我一整夜没怎么睡好,脑子里翻来覆去全是夜视画面里那些东西——金色的头发散在白色的马背上,那根胡萝卜在她腿间进进出出,还有最后那股水喷出来的时候,亮闪闪的。
我翻了个身,把枕头压在脸上,压了好几秒。
然后爬起来洗了把脸,换了件衣服。
走出卧室的时候我特意没往二楼那间客房的方向看。我知道她在里面。可能还在睡,可能已经醒了。不管哪种,我现在都不想去想。
我下了楼,进了厨房,打开冰箱,然后又关上了。
我没做早饭。
不是忘了——是故意的。
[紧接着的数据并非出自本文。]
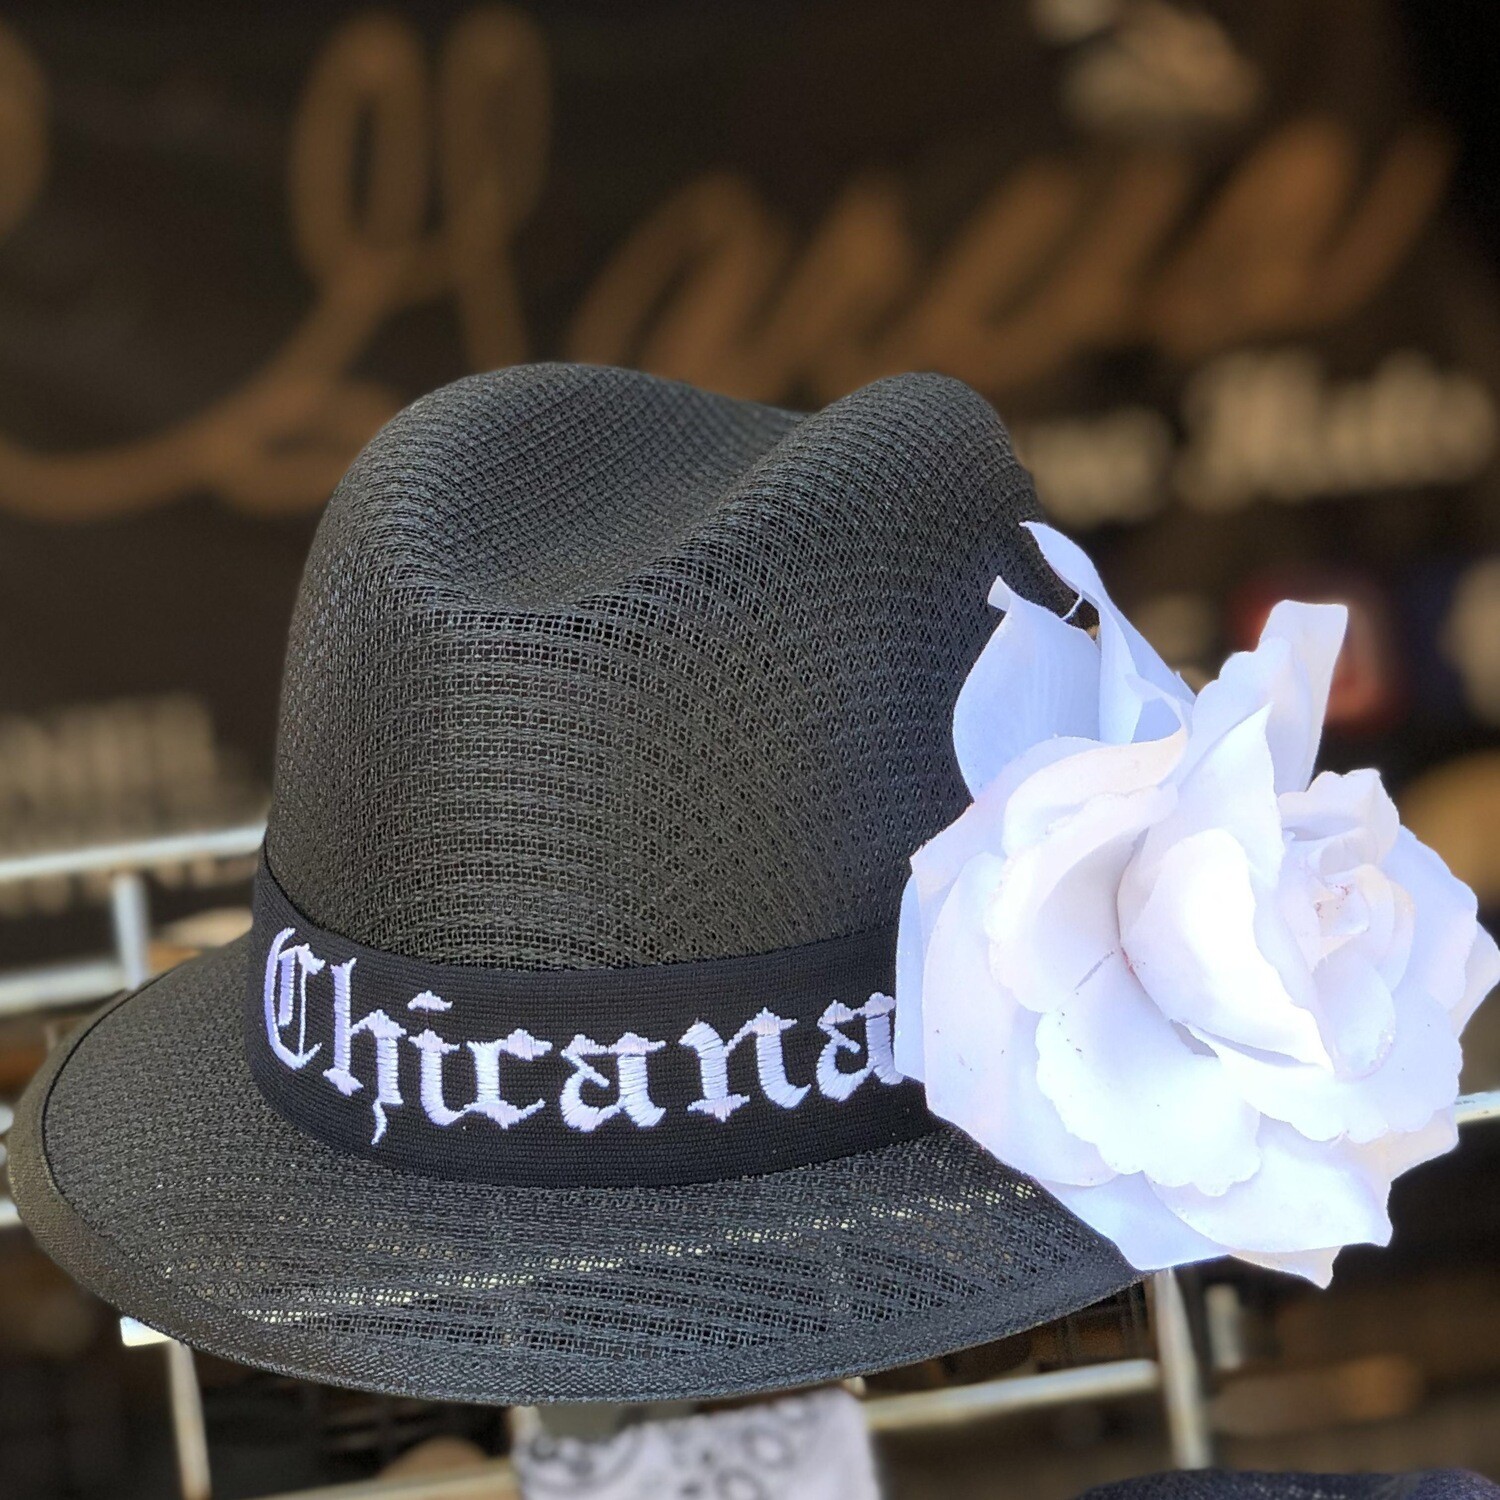 Black Derby w/ Chicana Embroidery & White Rose

我就是要让她知道,在这个房子里,什么时候吃饭、吃什么、吃多少,是我说了算。
我走到客厅,从抽屉里翻出昨天那条缰绳。
皮质的长绳,末端连着一个金属扣环。
昨天中介把它递给我的时候我还没仔细看,现在拿在手里才觉得这玩意儿有点分量。
上面还沾着一点她马身上的味道——一种很淡的、草料混合着体味的气息。
我把缰绳卷在手里,上了二楼。
客房的门关着。我在门口站了两秒,没敲门,直接推开了。
她醒了。
她卧在垫子上,四条腿蜷着,金色的头发乱糟糟地散了一...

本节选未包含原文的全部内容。